McCain is still the favorite, because of Obama’s liberalism will hurt him when policy positions become more pertinent. For now, this state is unnervingly close. Leaning McCain.

Ohio (20): No matter what, Ohio can’t escape its role as battleground. This year, however, McCain seems to be slightly stronger here than Bush was in 2000 and 2004. Central to McCain’s success is Obama’s reputation among "bitter" gun owners and religious voters—Hillary’s Democrats. Much of Obama’s campaign will be an outreach to bitter Ohio Democrats, but for now, the Buckeye State tilts Republican. Leaning McCain.

Virginia: Virginia is possibly the most talked-about Red state to be making a pilgrimage to Blue. Given the Democratic takeover of the governorship, a Senate seat, and probably the other Senate seat, it seems fitting that Obama should have a strong play for Virginia’s 13 electoral votes.

But given the Southern nature of much of this state, and the high portion of undecideds, McCain should still feel confident about the commonwealth.
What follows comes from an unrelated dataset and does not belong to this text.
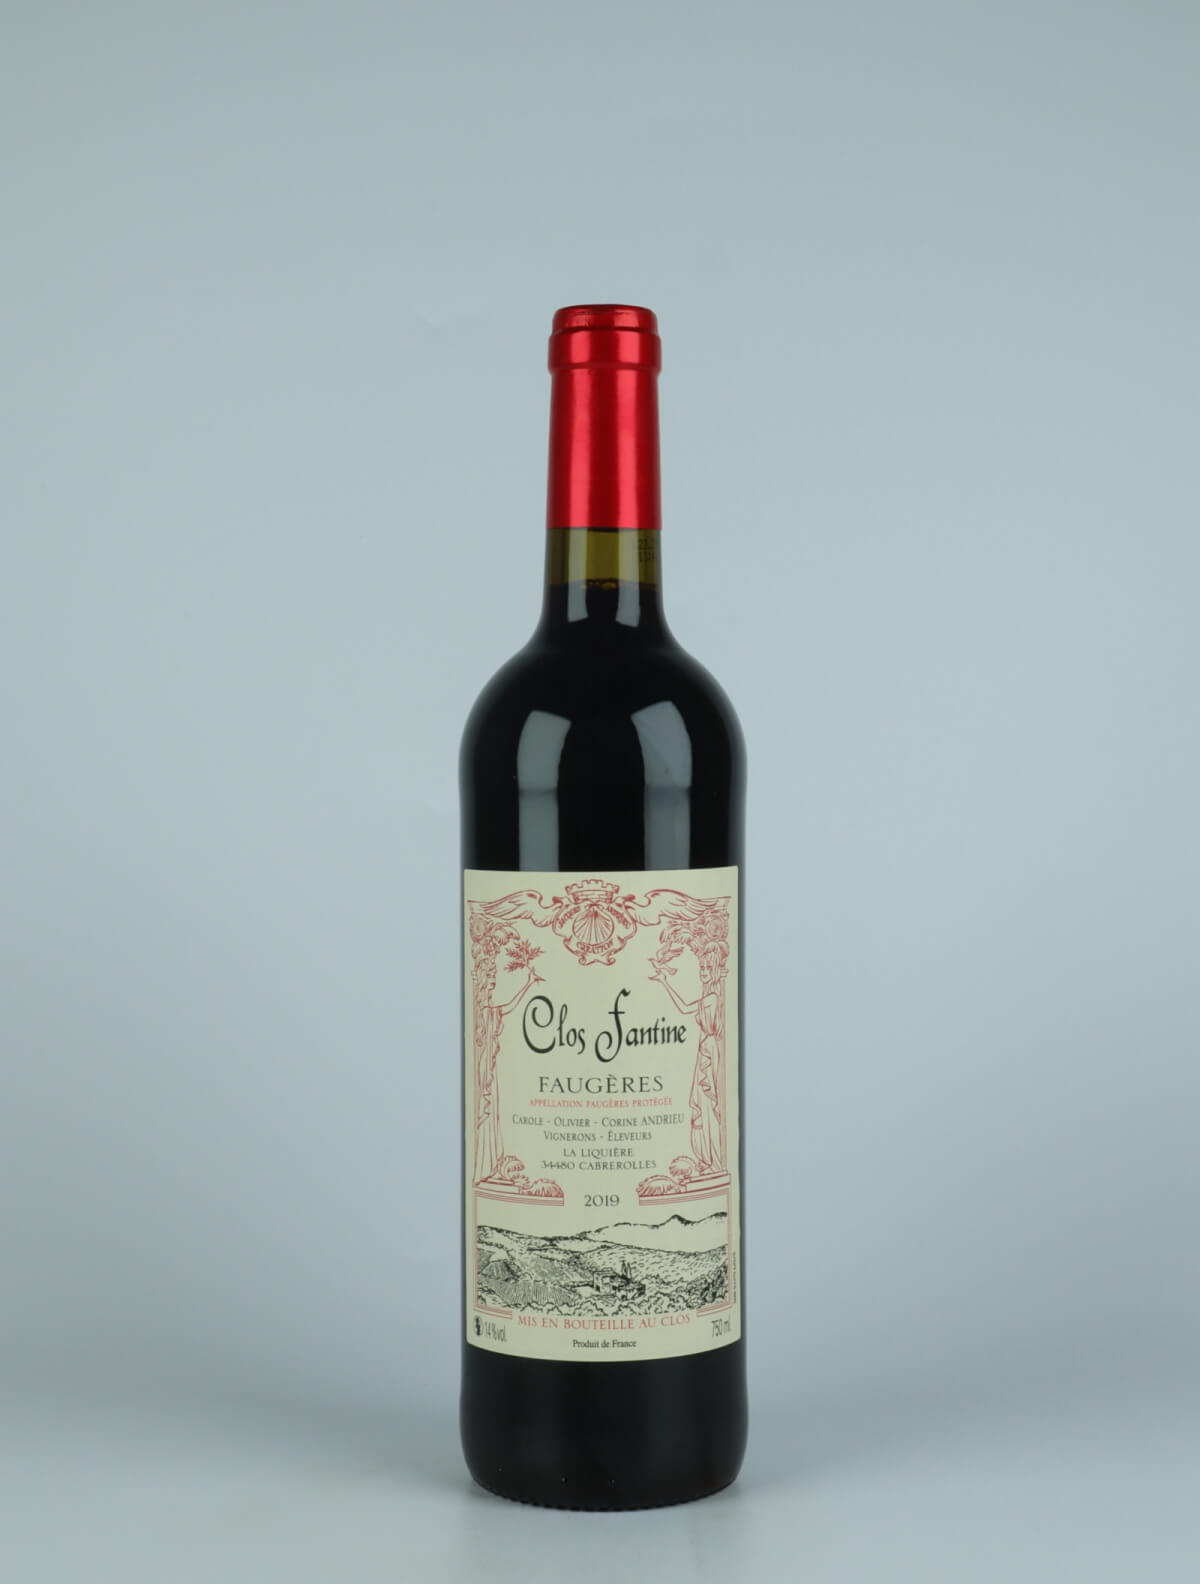 A bottle 2019 Faugères - Tradition Red wine from Clos Fantine, Languedoc in France

Leaning McCain.


Financial: The collapse of Freddie Mac and Fannie Mae stocks last week spurred Washington into action this week.

  1. The Treasury Department’s bold push for a bailout of government-sponsored mortgage entities reflects a few noteworthy political realities: President Bush has relinquished some control over economic policy to Treasury Secretary Henry Paulson; and Republicans are more grounded in big business than in limited government.
  2. The idea of broad reform of Fannie Mae and Freddie Mac was behind the scenes dismissed by Paulson as "too political," while some sort of bailout—not explicitly articulated as of Wednesday morning—was considered pragmatic by the administration. The Republican leadership on Capitol Hill ascribed to this viewpoint.
  3. For the rare conservative dissenter—such as Sen. Jim Bunning (R-Ky.), who objected to expanding the authority of the Federal Reserve, or Sen. Jim DeMint (R-S.C.), who objected more broadly to bailing out the government-sponsored entities—there was mostly derision from both sides of the aisle.
  4. Republicans, for the most part, fear the label of "doing nothing" in the face of a crisis—mortgages. Democrats, meanwhile, appear fearless in the face of apparent corruption—the fact that Bank of America and Credit Suisse wrote the mortgage bailout bill, and the patronage machine of Fannie Mae.


Energy: Democrats are beginning to retreat on energy policy after preaching energy conservation, subsidies for alternative energy, and tax-hikes on oil companies as the solution to high gas prices.

  1. After failing to win hearts and minds at the pump with their green rhetoric, the leadership has turned their sights to regulating oil speculators and releasing oil from the strategic reserves. While "Oil Speculators" sound like a worthy bad guy, it’s not politically strong enough among voters angry about high gas prices.
  2. In contrast, the Republicans’ three pronged energy solution is this: drill, drill, drill. While this solution is popular in the polls and among GOP constituents, it does not offer short term relief. The Democratic leadership will thwart GOP drilling votes as long as they can to avoid recorded votes on such legislation. Prior to the Independence Day recess, Appropriations Chairman David Obey (D-Wis.) shut down the appropriating process to save Democrats from having to vote on GOP offshore drilling amendments.
  3. GOP leaders are comfortable pounding away on energy, but success is unlikely, considering they couldn’t expand drilling while in the majority.
  4. On the Senate side, conservatives express displeasure that the party leadership is not pounding the drilling issue as hard as the House side is. From a distance, GOP faith in drilling as a defining issue resembles Democratic hopes in 2002 pinned on anger towards corporate malfeasance: is it really enough to nationalize a race and swing congressional races?